OYL has created a workshop setting
in northern Greece in a small village called Papingo.
We create the majority of our productions in month-long
retreats to Papingo where actors, designers, and the production
team live, work, and create together. This unique experience
allows for everyone involved to completely abandon themselves
to the work at hand. Plus, where better to re-conceive
the classics than the birthplace of theater?
Oh yeah, and red wine is a food group in Greece.
What else makes OYL so different from the
hundreds of other New York up-and-comers?
OYL has a special place in the Off-Off-Broadway community
in that it holds design and production at very high standards.
We offer an outlet for designers to work on small productions
with large budgets. Whether it is welding a steel mesh
floor that can be lit from below, letting a sound designer
build 440 sound cues (in a 90 minute production), giving
a lighting designer as many moving lights as he wants,
or filming music videos to play in TV embedded throughout
a theater, we give our designers the freedom to think
BIG.
Anything else you should know?
Out actors love working with us. If you don’t want
to take our word for it, read what a few of our actors
have said about working in Greece:
Danny Bernardy: Workshopping abroad was
beneficial to me personally. Certainly the atmosphere
of retreat helped me release my inhibitions as an artist
and I feel blessed for the opportunity.

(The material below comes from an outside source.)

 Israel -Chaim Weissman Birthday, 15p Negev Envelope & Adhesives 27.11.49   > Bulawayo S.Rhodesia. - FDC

Here's why: When
you wake up every morning with the same nine people, bumping
into each other with sleep in your eyes waiting for your
turn in the bathroom, sharing the same dinner table and
divvying up household duties, you are bound to break down
fundamental walls of discomfort. My mother always said,
“you never really know someone till you live with
them."
This is an entirely unique experience and a fantastic
display of resourcefulness, courage and trust. The resources
and logistics to get nine strangers from the US to a small
village in a foreign country… the courage among
all of us to do controversial and challenging material
in a very foreign and isolated situation… the trust
and faith had to be in place ahead of time for all of
us.
Susannah Melone: It was amazing. Even
though time was tight and full, since we were working
on three plays, having the vastness of the landscape and
the mountains around us gave a feeling of time and space
to work. It reminded me of what Walt Whitman says in Leaves
of Grass I was "aware of the amplitude of time."

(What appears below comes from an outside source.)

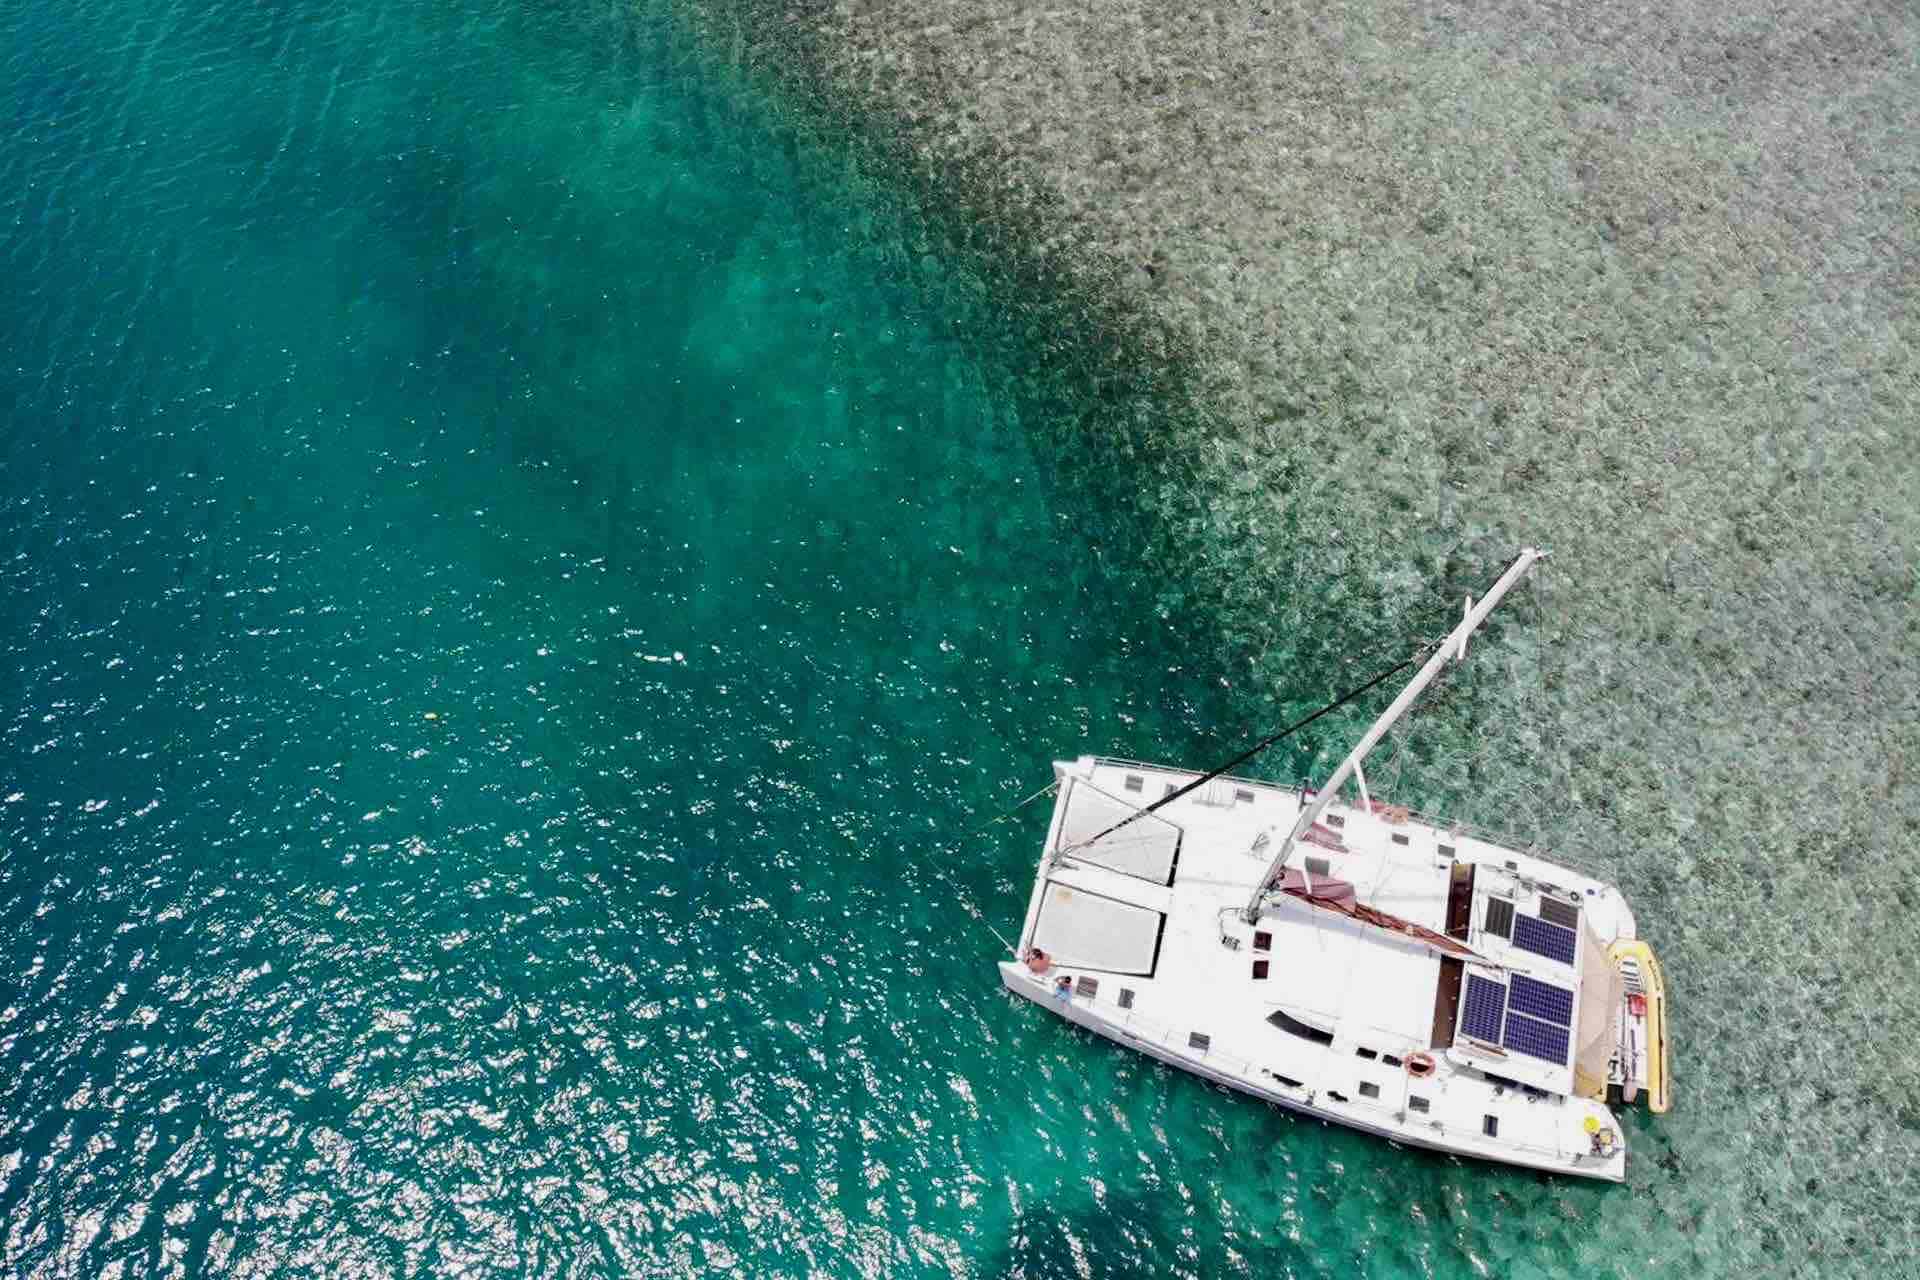 Taboga island tour Panama private sailboat tour aerial view of boat

And working together as a group in that foreign environment
brought us all closer together and really helped us to
find the ensemble we were working with for the plays.
Incredible. The mountain faces behind us looked like faces
of the gods, every time we turned around and saw them
I was aware of something larger than myself of something
huge and ancient.
Rehearsing in Greece was unlike anything I'd ever done
before, as was working on three plays at the same time.
As was working on three plays investigating the same story.
We kept being astonished by it. Everyday, we approached
these plays amid goats and beetles and villagers and the
rocky landscape. Everyday we were aware of how different
it was to use the walls, trees, shrines and courtyards
as our backdrop—and how different it was from rehearsing
in a little empty space in a NY rehearsal studio.